Prague 1978-his breakthrough success.
The short film Guernica (based on a novel by Antonije Isakovic), which was his thesis, earned him the top prize at the Karlovy Vary international festival. Looking back at it today, it seems to have a lot in common with the almost grotesque surrealism of directors of the new wave such as Juraj Herz and Jaromil Jireš. The film tells the story of a Jewish boy who confronts his fear of antisemitism. The father takes him to the Exposition Universelle in Paris, where he discovers the famous Picasso painting. “They only want to examine us because we have big noses,” the father says reassuringly. When his family are taken away, the child remains at home alone, and whilst browsing the family photos he cuts out all the noses. He then sticks them all together and names his work Guernica.
Among his works, it is the one in which the infuence of his period in Prague is most noticeable in his art. In spite of this, in the following years, Kusturica managed to develop and perfect the unmistakable style which made him famous.
Besides Jiri Menzel, the most important figure for the professional development, has been the director Otakar Vàvra, who reached his hundredth birthday this year, and has even been called “the father of Czech cinema”. Last July in Prague, Kusturica decided to meet his old Famu teacher and he presented him with a career achievement award. “Professor Vàvra,” he stated, “represents everything that happened at the beginning of my career. If I learnt exactly how to make a film, I owe it to him”.
Kusturica may also thank Vavra for having introduced him to Miloš Forman. Thanks to the relationship with the director of “Amadeus” he had the chance to give direction courses at the film department of Columbia University. Then with the contribution of american capital, it was possible for him to film “Time of the Gypsies”, in 1989, managing even to direct Arizona Dream with Johnny Depp and Faye Dunaway, which was his first and probably last american film.
The serbian composer Goran Bregovic, who composed the soundtracks of “Time of the Gypsies”, (1989) and Arizona Dream (1993) and “Underground” (Palme d’or) in Cannes in 1995), stated “Kusturica comes from the Prague film school in which it was thought that music was only necessary in bad films as if were orthopedic support. Later, also his vision of music changed. He too has a background as a punk rocker in Sarajevo, and has always loved a certain type of music which has a strong impact.
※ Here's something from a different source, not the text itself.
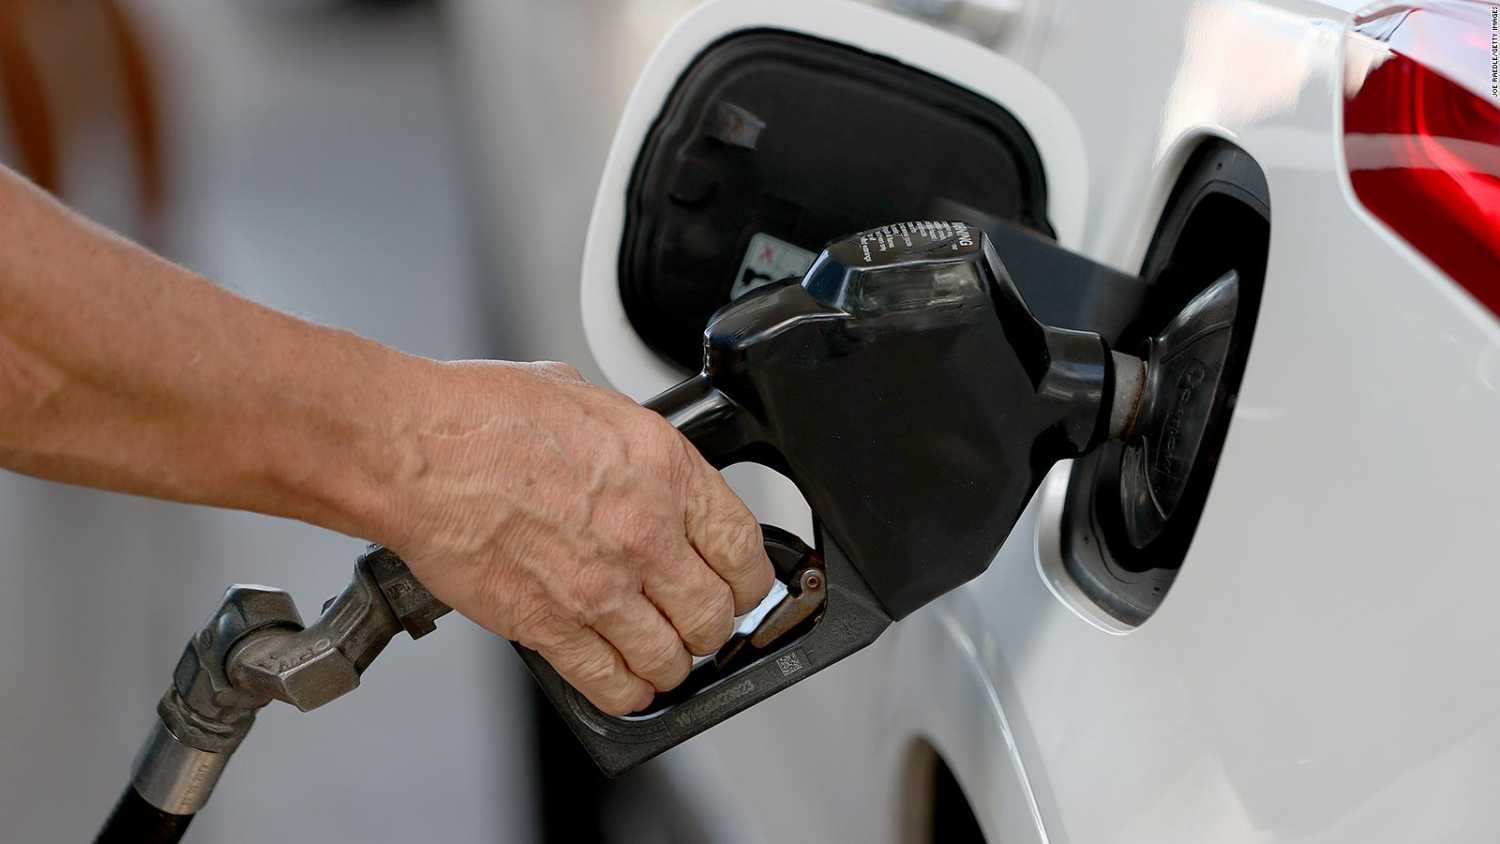 Costo de la gasolina se dispara en todo el mundo
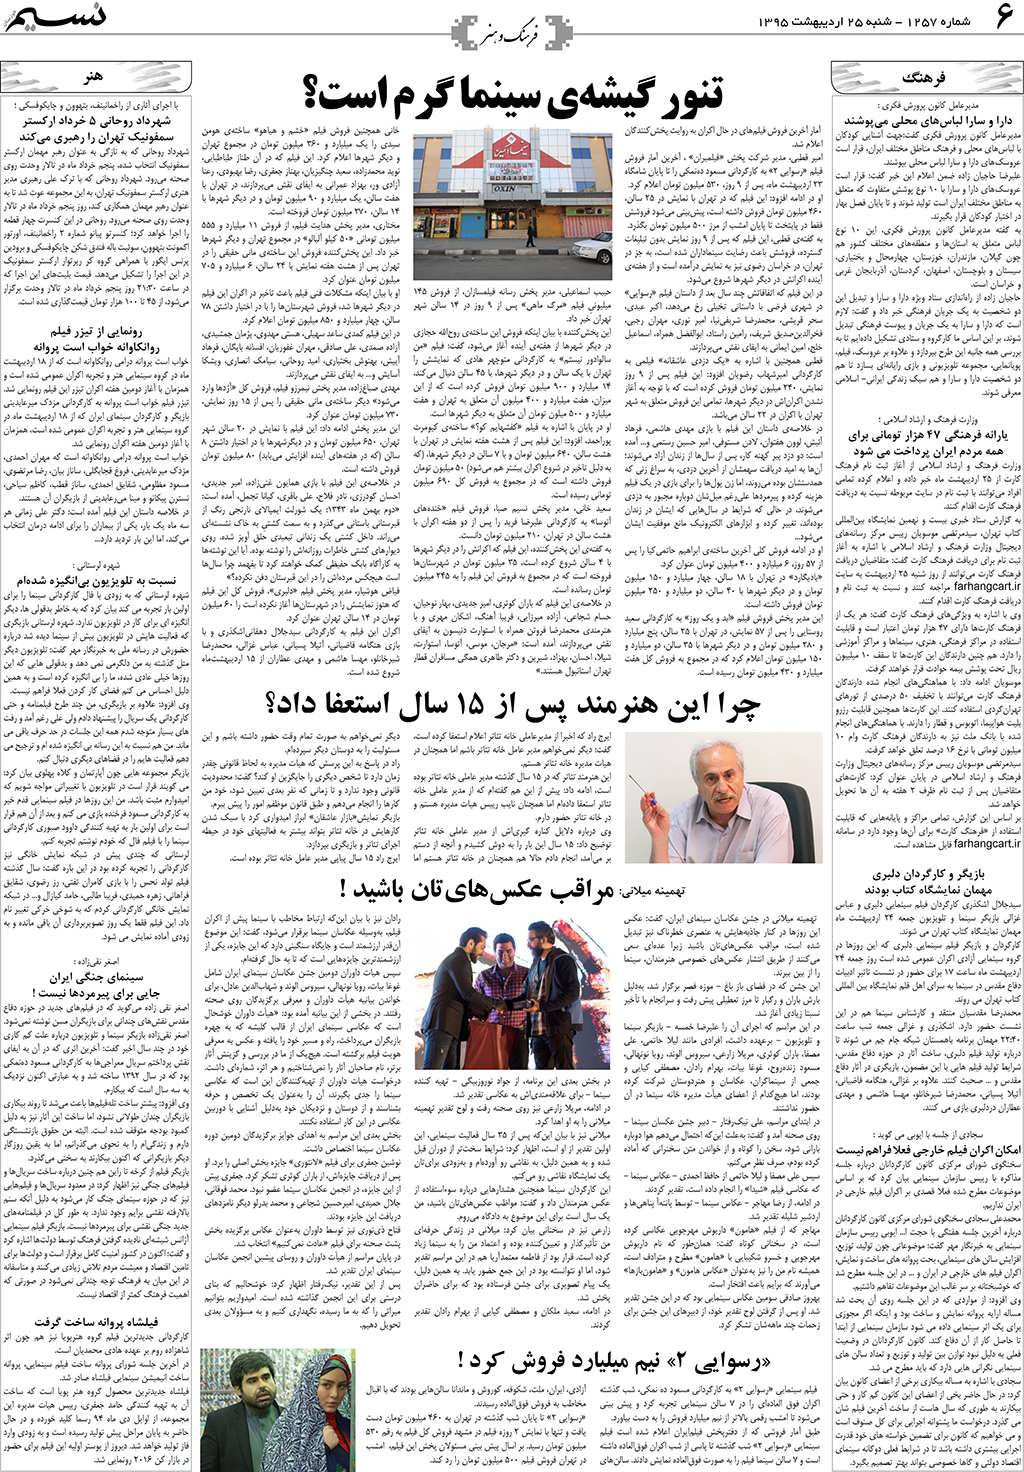 صفحه فرهنگ و هنر روزنامه نسیم شماره 1257

The Keys to the city, a live goose and a great applause
By now many years have passed since Kusturica, a young university student, spent his evenings having fun drinking and chatting at manes. He stayed in a student house in Prague 2, at Hlávkova kolej, and probably never imagined that this city would one day welcome him in such a triumphant manner. This is however, exactly what happened last July, when the major of the city Bohuslav Svoboda, presented him with the keys of the city. It was shortly after some friends and admirers gifted him with a live goose in a basket, paying homage to a scene from the famous, unforgettable “Black Cat, White Cat”.
Kusturica repaid them for the gesture in his way, performing in the “Summer night Dream festival”, alongside his band The No Smoking Orchestra, on a stage floating on the Moldava. Prague, on a colourful, night lit up with fireworks, and countless rounds of enthusiastic applause demonstrated that they have not forgotten him.